Task goal:
Take the line with "Smrtelná nehoda se" as the first and the last line of the data as the end. Write out both and every line between exactly, except pictures.

Data below:
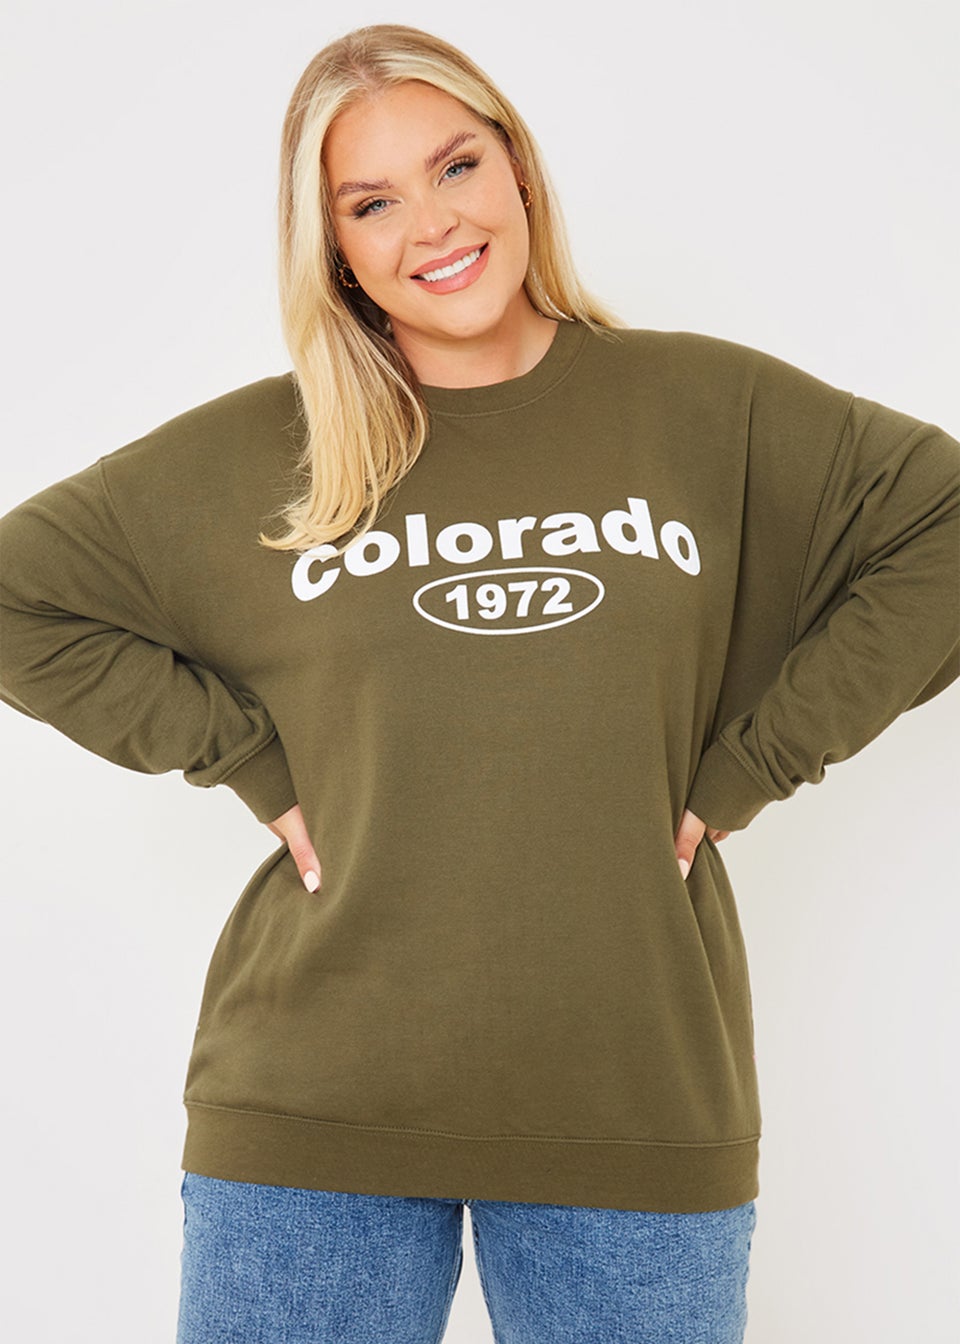 In the Style Gemma Atkinson Green Colorado Sweatshirt
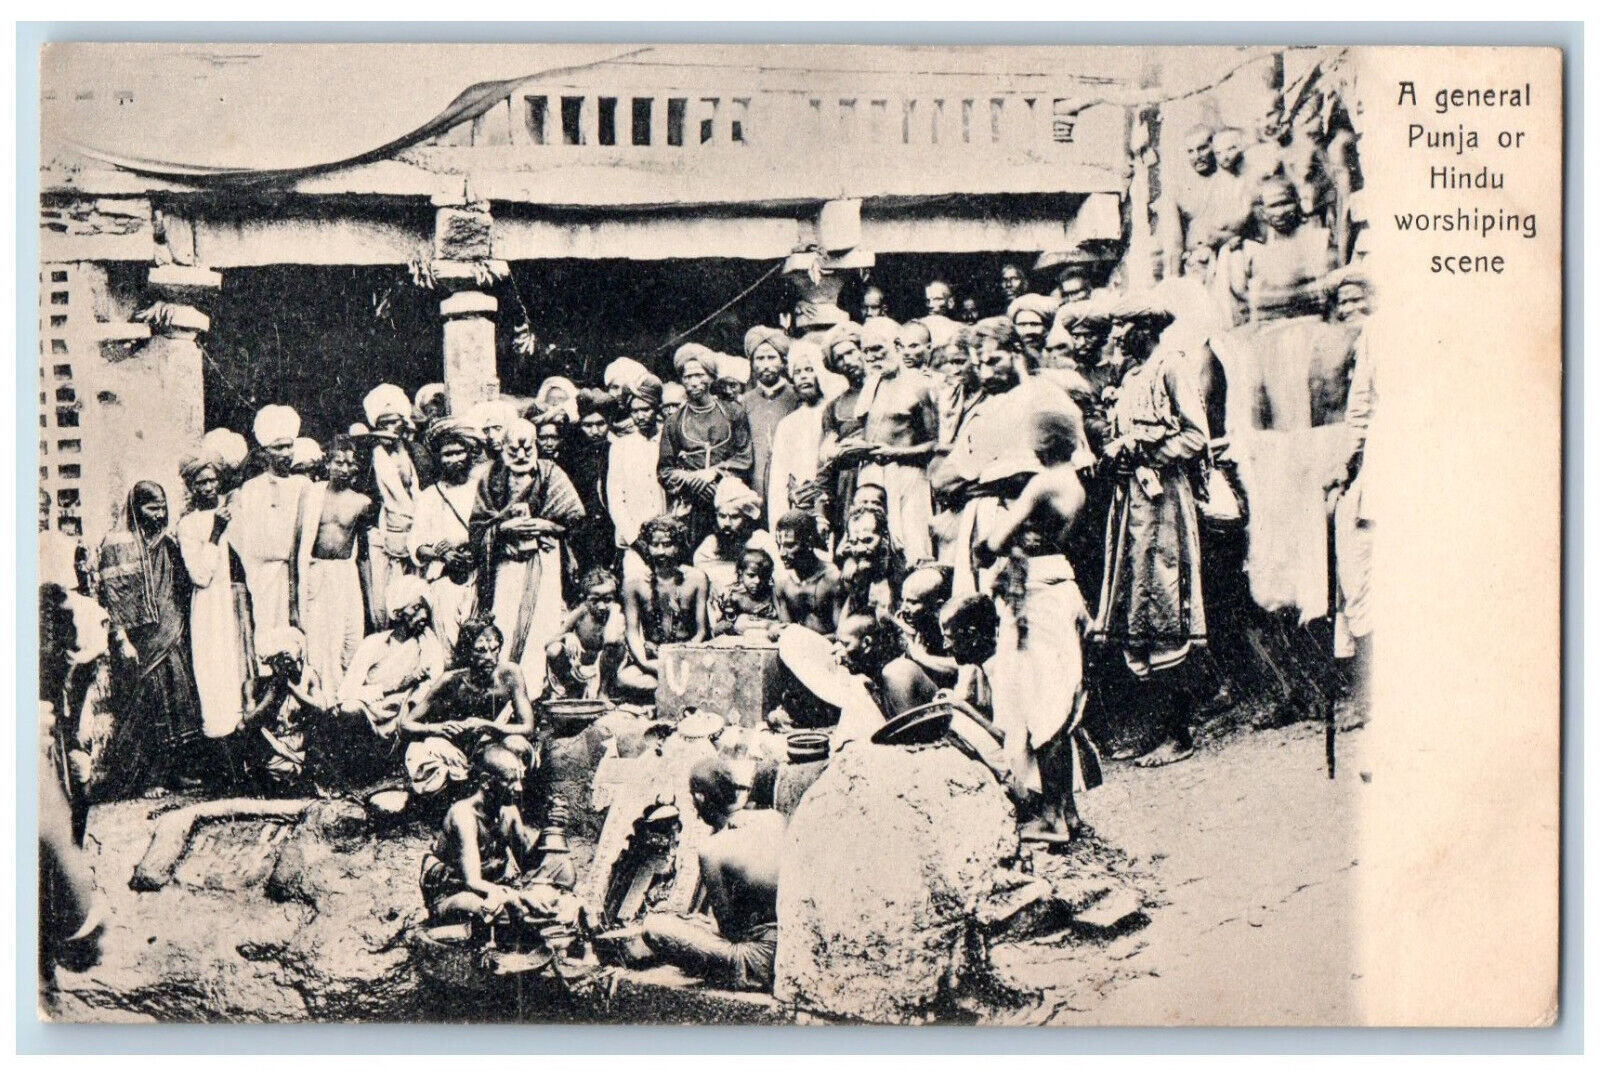 India Postcard A General Punja or Hindu Worshipping Sccene c1940's Vintage
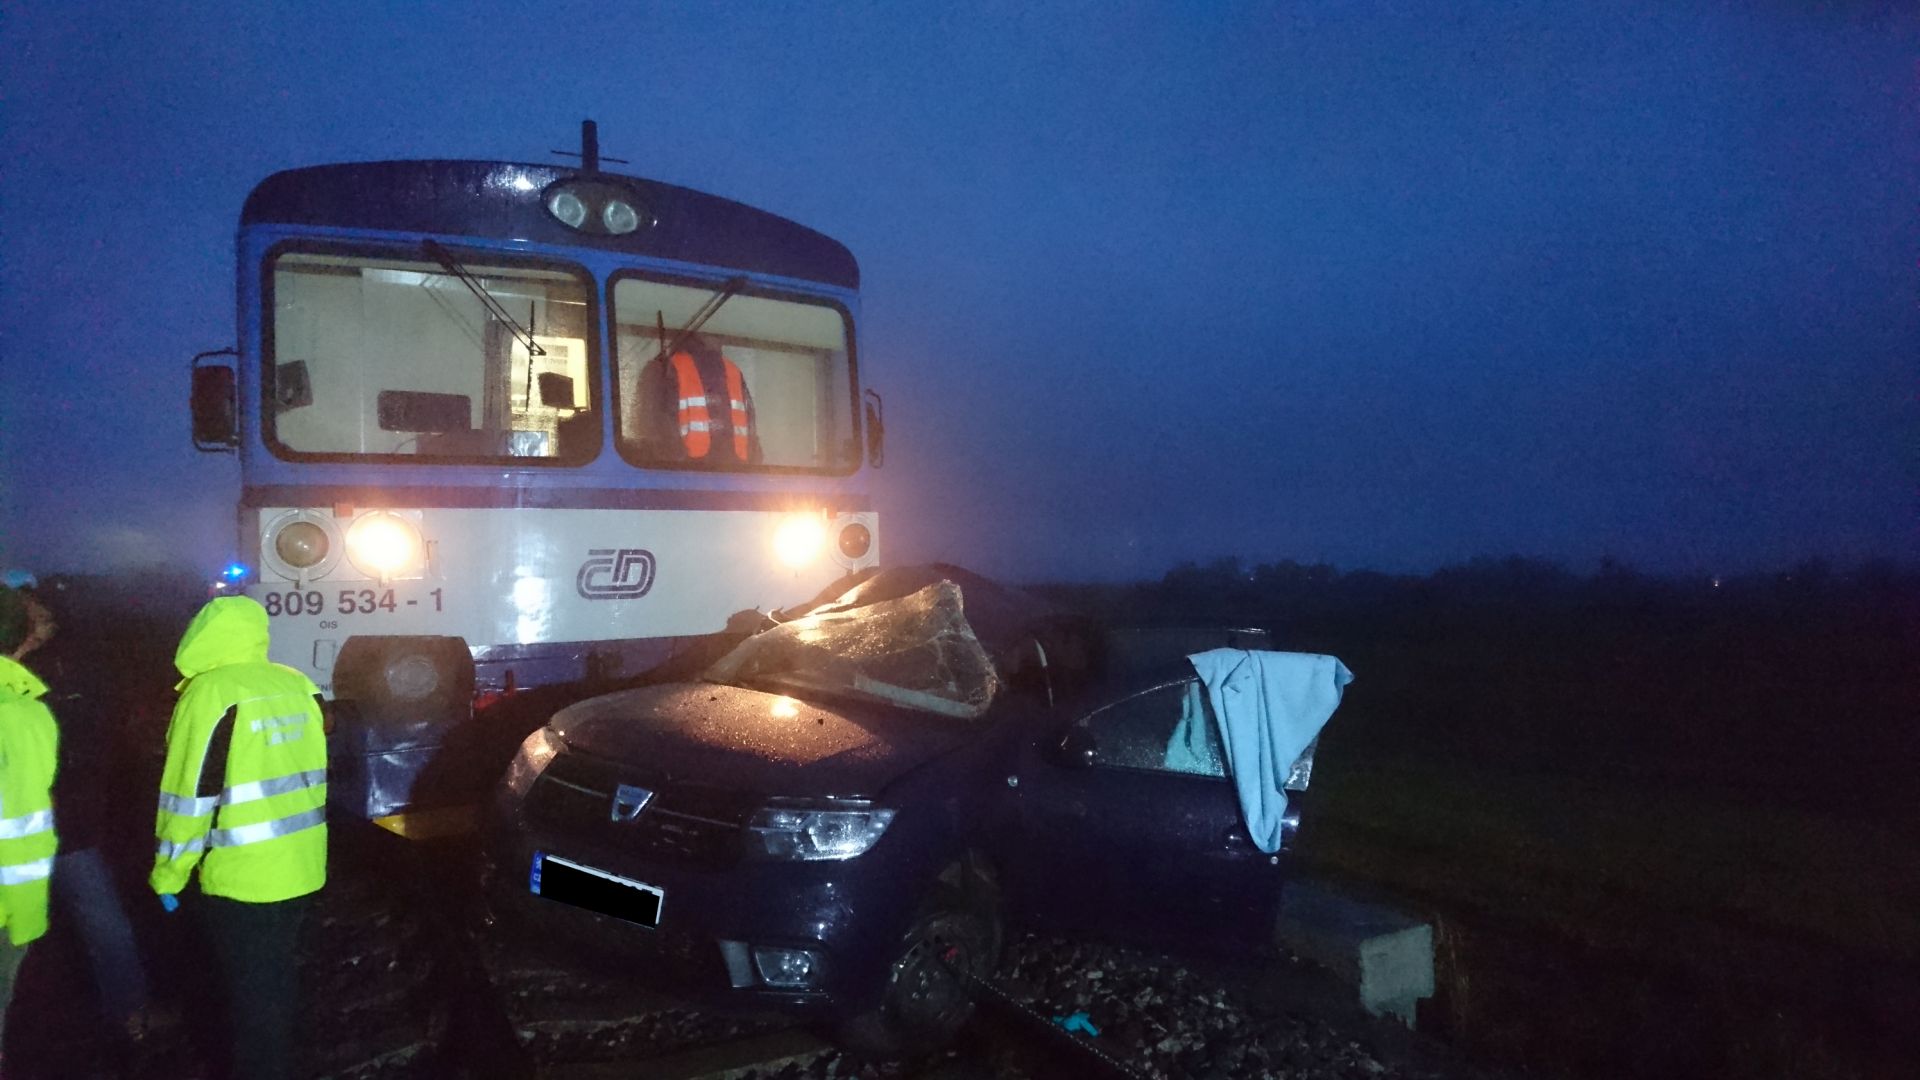 Smrtelná nehoda se stala 28. října 2018 na přejezdu mezi Čakovičkami a Jiřicemi, zabezpečeným pouze výstražným křížem. Autor: Drážní inspekce
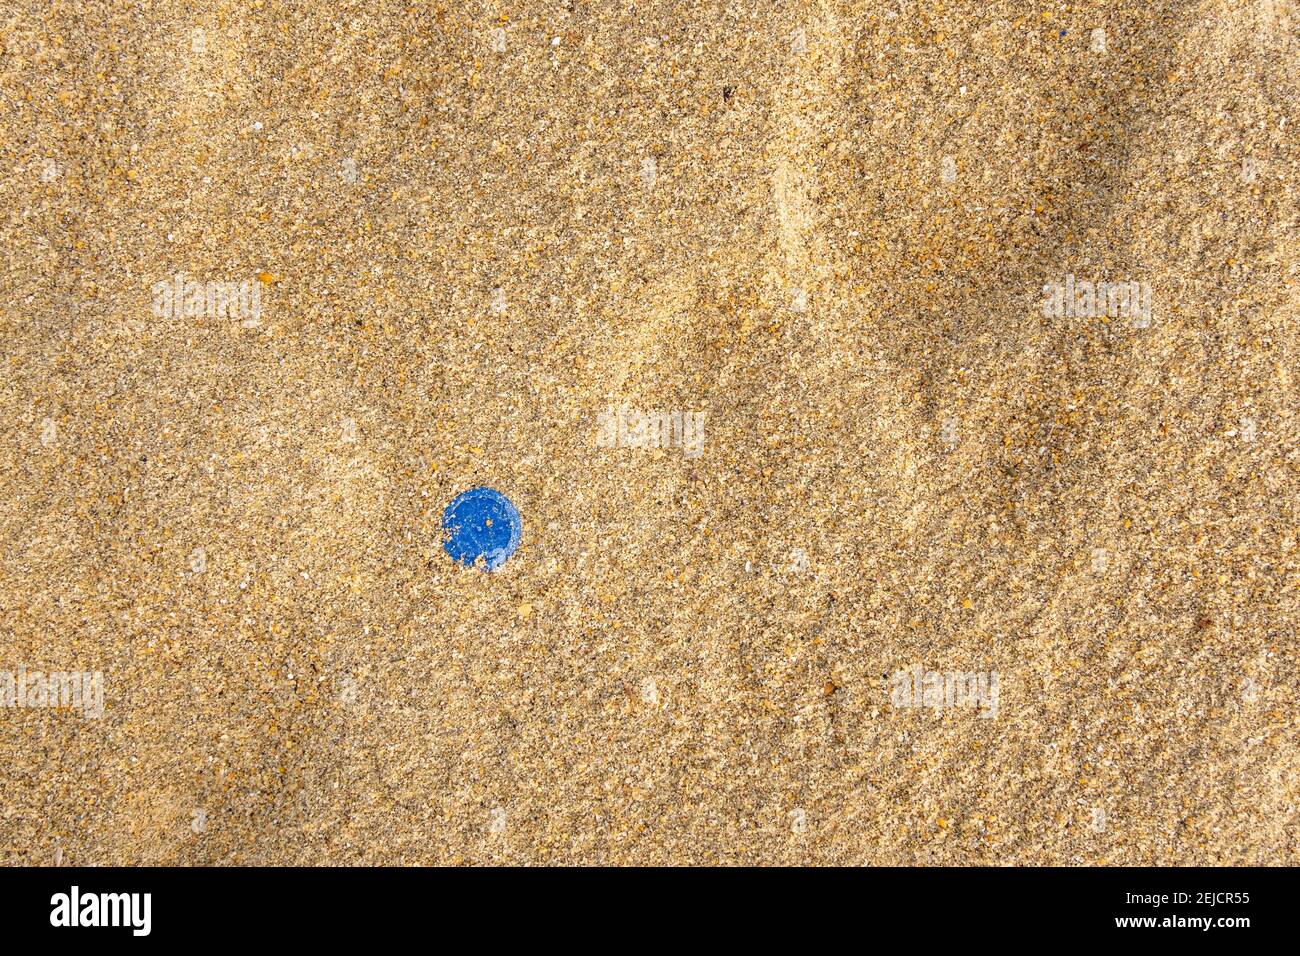 Bouchon de bouteille d'eau bleu dans le sable de plage, concept de pollution plastique Banque D'Images

Answer to this exercise:
 Smrtelná nehoda se stala 28. října 2018 na přejezdu mezi Čakovičkami a Jiřicemi, zabezpečeným pouze výstražným křížem. Autor: Drážní inspekce
 Bouchon de bouteille d'eau bleu dans le sable de plage, concept de pollution plastique Banque D'Images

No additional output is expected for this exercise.